Three years after she triumphed here initially, can Petra Kvitova win at Wimbledon again?
The No.6 seed is the most well-known name remaining in the women’s draw, where French Open finalist Simona Halep is the highest seed at No.3. Their matches are showcased on Centre Court on Thursday. Here, a breakdown of what’s to come.
 Petra Kvitova (CZE) v  Lucie Safarova (CZE)
Centre Court, 1pm
It’s the first time two Czech women have ever met in a Grand Slam semi-final, but not the first time these two friends have clashed. Kvitova could take solace in her 5-0 head-to-head record against her older opponent, but the No.23 seed stretched the 2011 Wimbledon champion to a third-set tiebreak when they played just over two weeks ago at Eastbourne.
“It was big fight until the end,” Kvitova said of that Eastbourne match. “I'm expecting a tough battle again. She’s playing amazing. She's in the semi-finals. It’s going to be great match I think.”
Safarova hasn’t dropped a set in her five matches through to the semi-finals, including an easy win over Ekaterina Makarova in the quarter-finals, the Russian who had taken out Agnieszka Radwanska in the fourth round. The two lefties are both known for their powerful groundstrokes, but Kvitova has another stat in her corner: She’s won 14 straight matches against left-handed players.
 Simona Halep (ROU) v  Genie Bouchard (CAN)
Centre Court, Second after 1pm
It’s confidence vs. confidence in the second women’s semi-final, as Halep (Australian Open quarter-finalist and French Open finalist) takes on Bouchard (semi-finalist in both Melbourne and Paris) for a spot in the final. The Romanian has won their only career meeting, earlier this year in Indian Wells in three sets.
Bouchard is the player that has taken the most initiative against opponents this tournament, the Canadian also 10 for 10 in sets played. Her aggression helped her overcome Angelique Kerber, the top 10 resident who had beaten Maria Sharapova in the previous round.
“I'm excited to be in the semis,” Bouchard said after her win. “But, of course, you know, I’m never satisfied, so I definitely want to go a step further, as far as I can. I'm going to look forward to try to play a little bit like I played today. I thought I was pretty solid out there.”
 Sara Errani/Roberta Vinci (ITA) v  Casey Dellacqua/Ashleigh Barty (AUS)

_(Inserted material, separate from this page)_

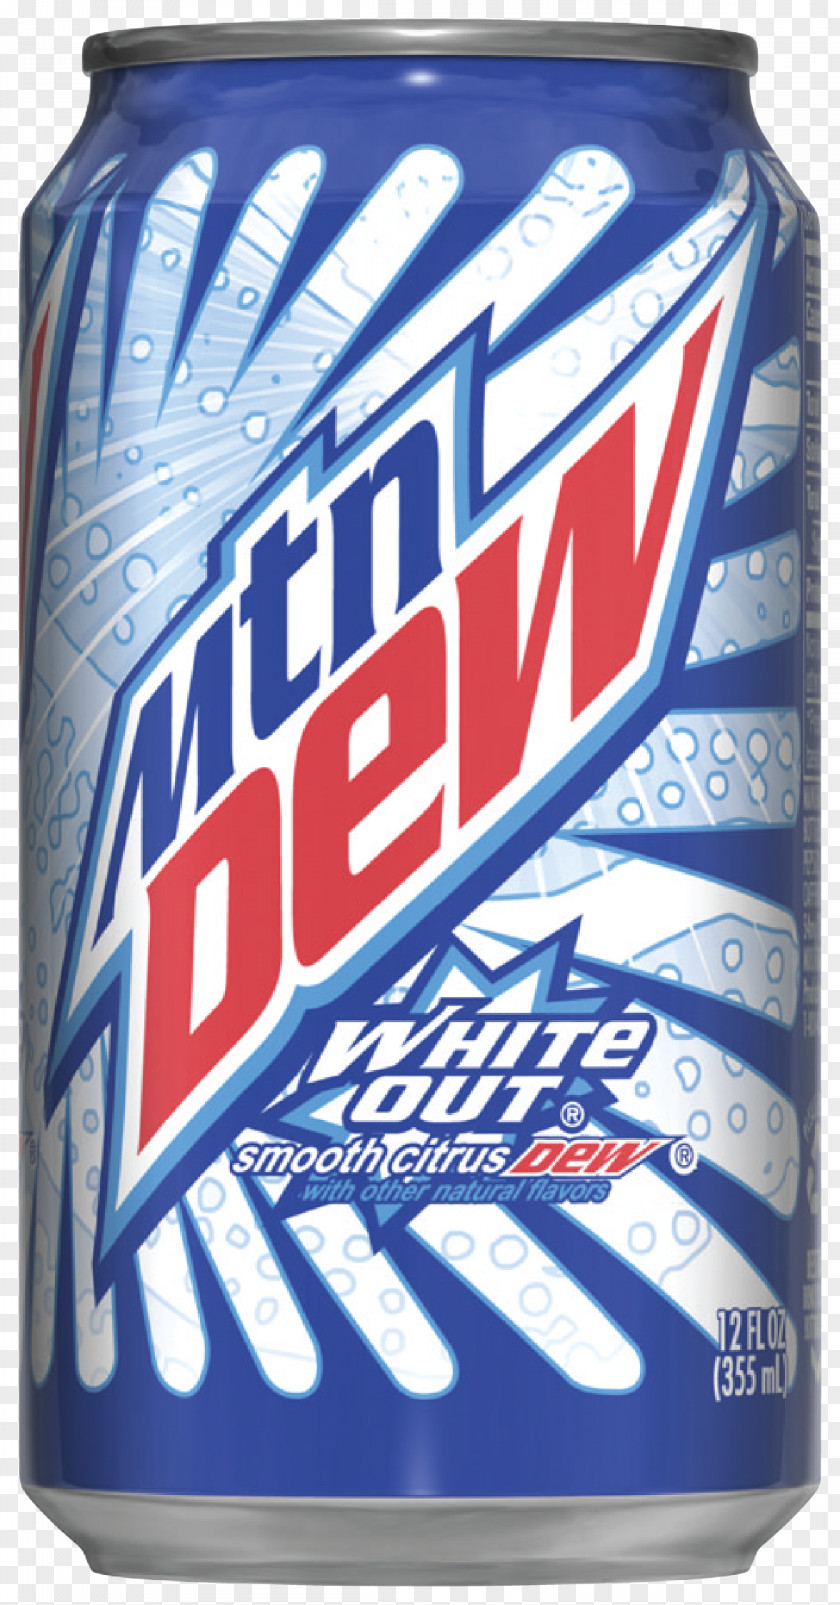 Mountain Dew Fizzy Drinks White Out 12oz. Cans Pack Of 12 Drink Can Flavor PNG
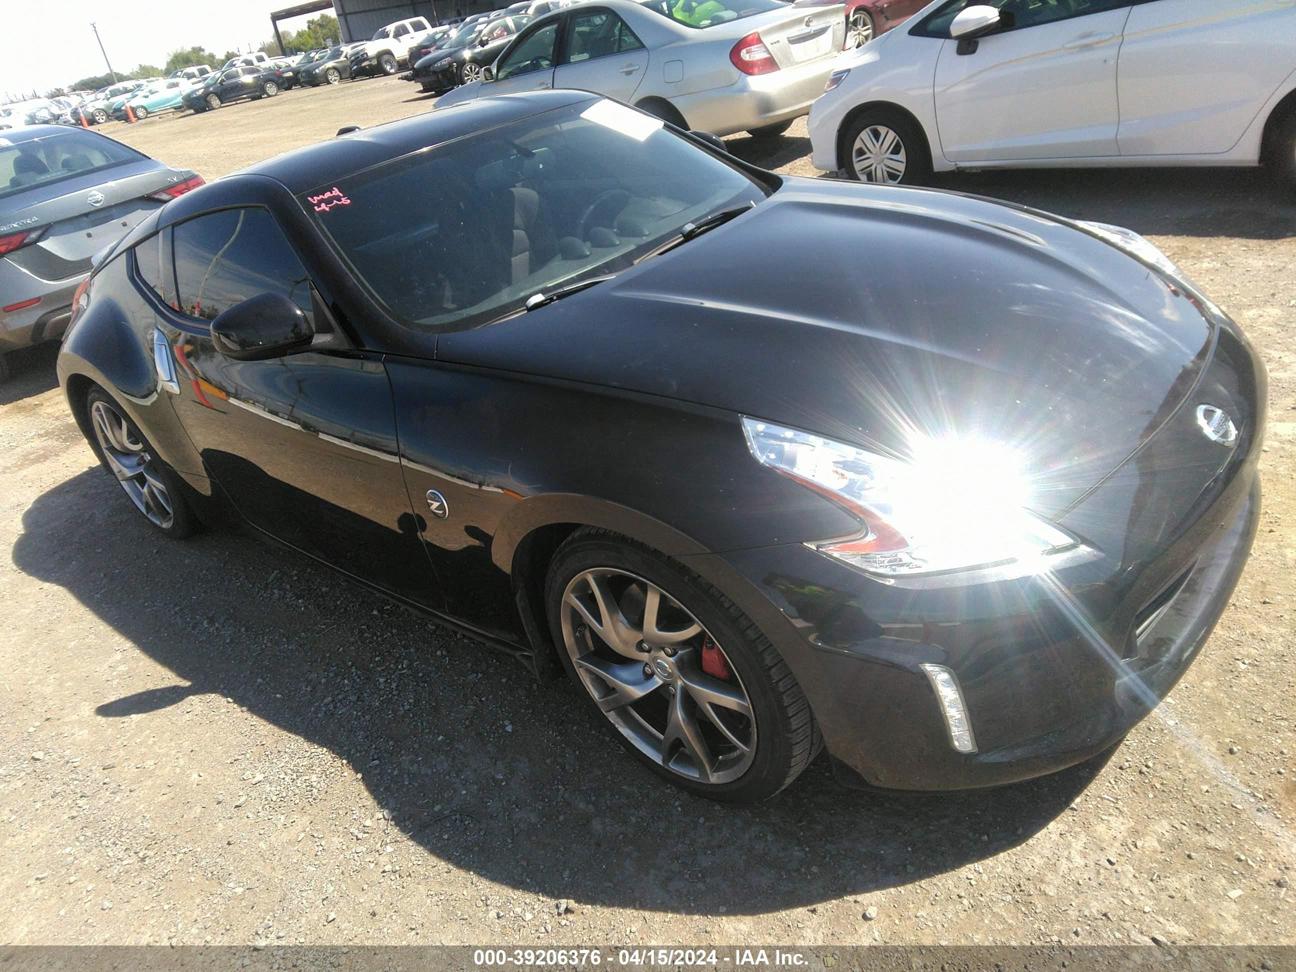 vin: JN1AZ4EH0GM931930 JN1AZ4EH0GM931930 2016 nissan 370z 3700 for Sale in 94565, 2780 Willow Pass Road, Bay Point, California, USA

No.3 Court, 11.30am – Quarter-finals
These two seeded teams in doubles are familiar with one another, the Italians winning their two previous matches, both of which have come in majors. Errani/Vinci won the Australian Open crown in 2013 over Dellacqua/Barty in three sets, then won again (this time on clay) at Roland Garros last month.
 Jamie Murray (GBR)/Casey Dellacqua (AUS) v  Horia Tecau (ROU)/Sania Mirza (IND)
Centre Court, Third after 1pm – Third round
British fans still have a Murray in the tournament: Jamie Murray in mixed doubles. Andy’s older brother pairs with the aforementioned Australian Dellacqua, who has had a career resurgence in both singles and doubles the last couple of years. They face doubles specialists Tecau/Mirza, no easy ask.
 Daniel Nestor (CAN)/Nenad Zimonjic (SRB) v  Leander Paes (IND)/Radek Stepanek (CZE)
No.1 Court, 1pm – Quarter-finals
It’s a collection of doubles veterans in this match as Nestor, Zimonjic, Paes and Stepanek have combined for 21 men’s doubles Grand Slams over 83 years on the pro tour. The two teams have never met two-on-two, however, meaning fans on No.1 Court could be in for some dynamic fireworks.